We will always fill the floors of terrible nightclubs when Mr. Brightside comes on

It’s the song that plays when you should have left


Long after you should have pulled, or bought some food, or gone home, when the clock is striking tragic, when you bought another drink instead, a noise fills the club you’re in – the shit club you’re in yet again.

Male voices, the vocals juddering because they’re shouting, jumping and drunk. They’re all in groups, their arms are around each others’ shoulders, repeating the words they know off by heart, screaming the words they know off by heart, which explode like hand grenades at the end of every sentence: kiss, asleep, cab, smoke, drag, bed, sick, head, chest, dress, goooooooooooo. Every single word represents another layer of dignity shed but none of them gives a fuck. This is the worst part of the night; this is the best part of the night.

Fact: everybody knows all the words to Mr. Brightside and they’re not entirely sure how. It’s something that happened to them, something mysterious, like being born in the first place. As soon as that irresistible riff starts up, from the soundsystem in a Pryzm or a Walkabout or your tragic hometown club, the words come rushing back: kiss, asleep, cab, smoke, drag, bed, sick, head, chest, dress, goooooooooooo. This video from a 21st birthday party at Hamilton Rugby Club is very much the vibe:

Obviously it’s never in a good club. Mr. Brightside is the anthem for every bad night out, for every night you wish you’d stayed at home for. The song itself is more than a decade old and it is a hangover from a time when people made music with guitars, a reminder that you that didn’t need pills to enjoy going out. You first heard it when you were a teenager and songs weren’t merely part of your emotional landscape, they were your emotional landscape.

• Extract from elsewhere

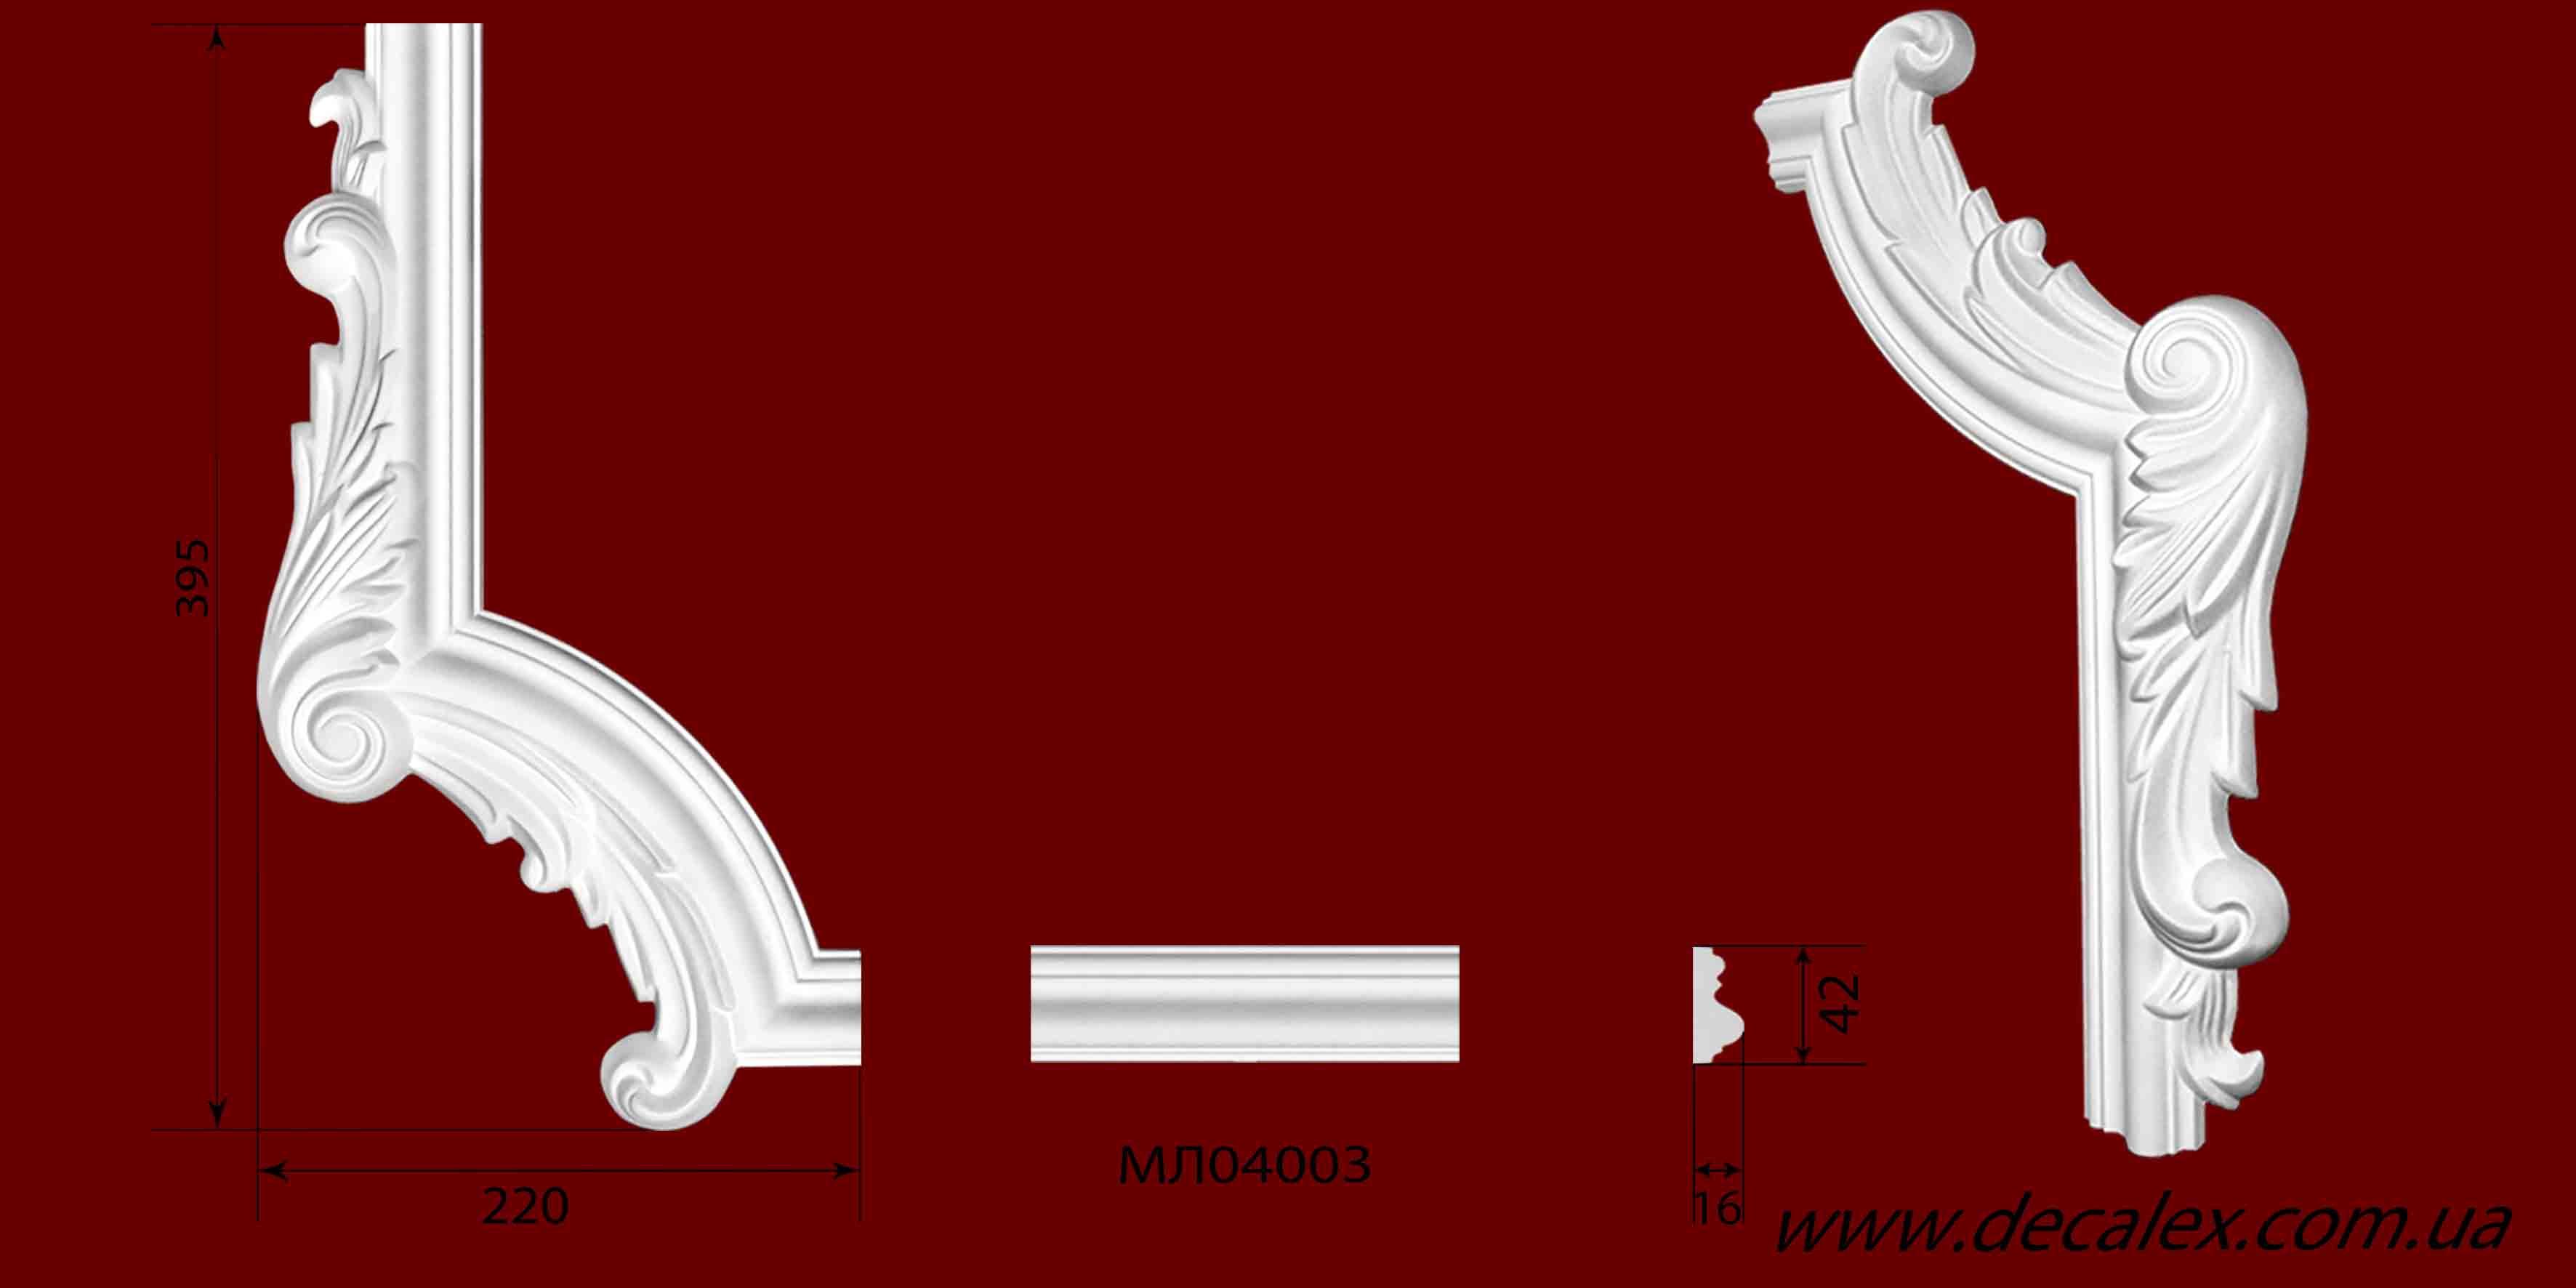 Код товара ГЛ04003-1. Угловой элемент из гипса , стыкуется с МЛ04003. Розничная цена 130 грн./шт.

Mr. Brightside is evocative for that reason. It is romantic, in the hopelessly teenage sense of romance. When you were fourteen it seemed profound but if you stopped and examined it today you’d find the feelings it expresses laughably thin.

But you don’t stop to examine Mr. Brightside. Because you only hear it clubs, when you’re drunk, when you should already be asleep. I think the drunkenness is the most important part. You don’t have to act like you’re better than anything when you’re smashed. You can let Mr. Brightside in, in all its pain, and paranoia, and anxiety.

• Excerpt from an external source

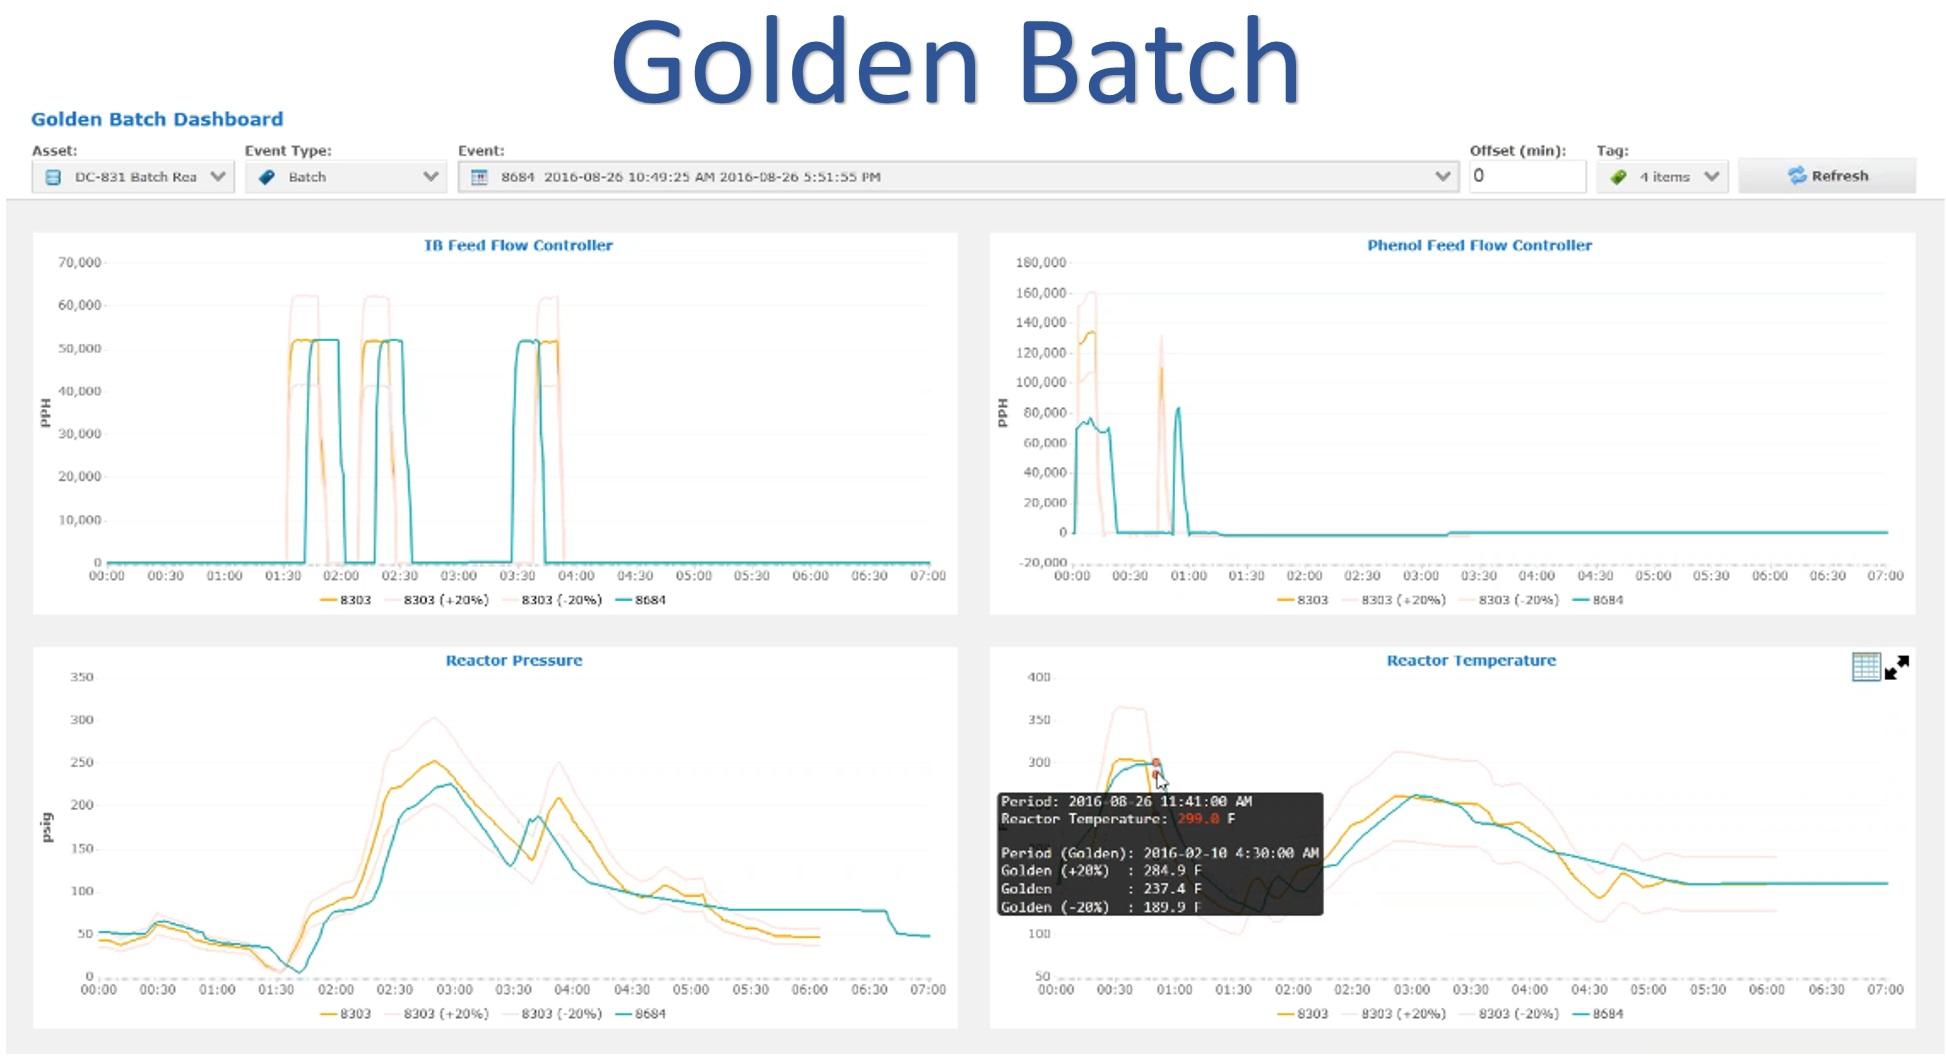 Golden Batch

Mr. Brightside is the obliterating sight of the person you fancy dancing with someone you despise. It’s every botched message you sent to somebody you thought you could shag. It’s not talking about your feelings until they burst out like the release of energy that comes when continents move. It’s the most dismal defeat of your life celebrated like a most magnificent victory. For a song written by a couple of guys from Vegas, it is peculiarly English.

I have around 100 accounts on Snapchat, and on Saturday and Sunday mornings, without fail, there are a few grainy, confused clips of people I don’t know that well losing their shit to Mr. Brightside. This is every weekend and these people are in their twenties. We’re still filling the floor for Mr. Brightside, all these years later, still running over to mates and climbing all over them for three minutes, still seeing people below “It was only a kiss” and desperately meaning it.

Lame as it all is, it’s only ruined by the one person who goes “turning snakes into the sea”. Surely, at this point, they know the words?